Actor John Cusack apologises for anti-Semitic tweet – after defending why he posted it

In a flurry of tweets on Monday, actor John Cusack repeatedly apologised to his 1.6 million followers for retweeting an anti-Semitic meme – after defending why he hit send in the first place.

The offensive tweet, since deleted, featured a black and white cartoon that depicted a giant hand with a blue Star of David imposed on the sleeve, smashing a crowd of feeble-looking people beneath it.

Accompanying the image is a quote mistakenly attributed to 18th-century French philosopher Voltaire: "To learn who rules over you, simply find out who you are not allowed to criticise." The phrase's origin can be traced to white nationalist and neo-Nazi Kevin Alfred Strom, according to USA Today.

In a flurry of tweets on Monday, actor John Cusack repeatedly apologised for his post.

After hitting retweet with his own words – "Follow the money" – attached, Cusack was immediately met with criticism from fans and followers who recognised the clear anti-Semitic message in the image.

The Say Anything actor initially claimed (in another deleted tweet) that he had been "got" by a "bot," which, in collective Twitter understanding, meant that Cusack's account had been hacked. That easy denial didn't fly. Cusack later claimed that by "bot" he meant "alt right" account. He then added another explanation – that the offensive retweet was meant to criticise Israel's policies against Palestinians, and not to disparage the Jewish faith as a whole.

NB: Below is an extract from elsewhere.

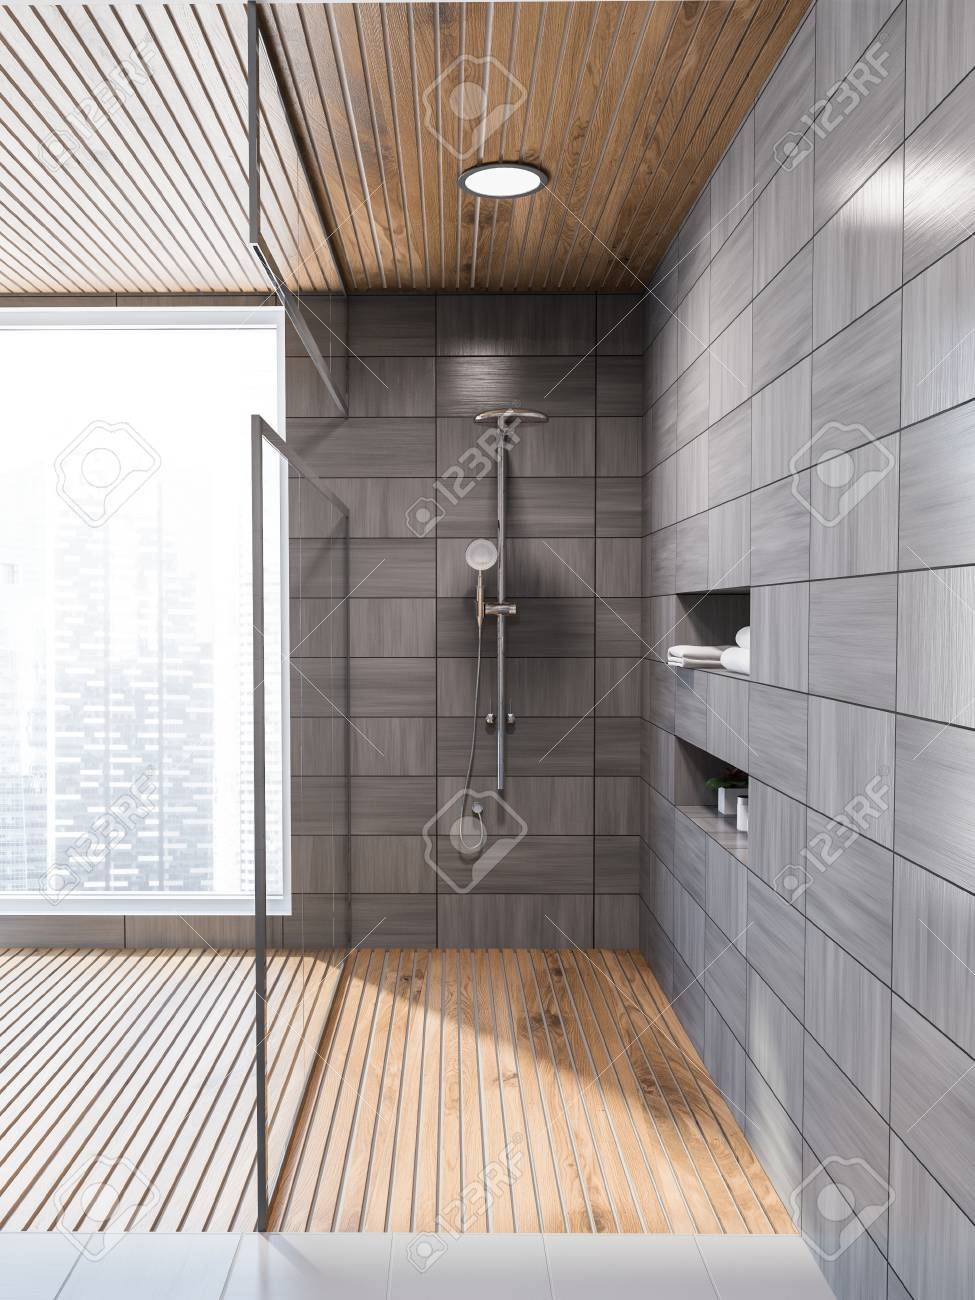 modern gray wooden tiled wall bathroom interior with gray floor

After numerous attempts at explaining his position as anti-Israel, Cusack eventually admitted the original retweet was indeed anti-Semitic.

"The use of the star," he tweeted, "even if it depicts the state of Israel – committing human rights violations – when combined with anti-Jewish tropes about power- is anti-Semitic & anti-Semitism has no place in any rational political dialoge (sic)."

The actor then pointed his followers to a film he made in 2002 called Max, which explores the relationship between a Jewish art dealer (played by Cusack) and his young student, Adolf Hitler. "I've been digging in deeply to the complexities of the history of antisemitism and fascism for years," Cusack tweeted.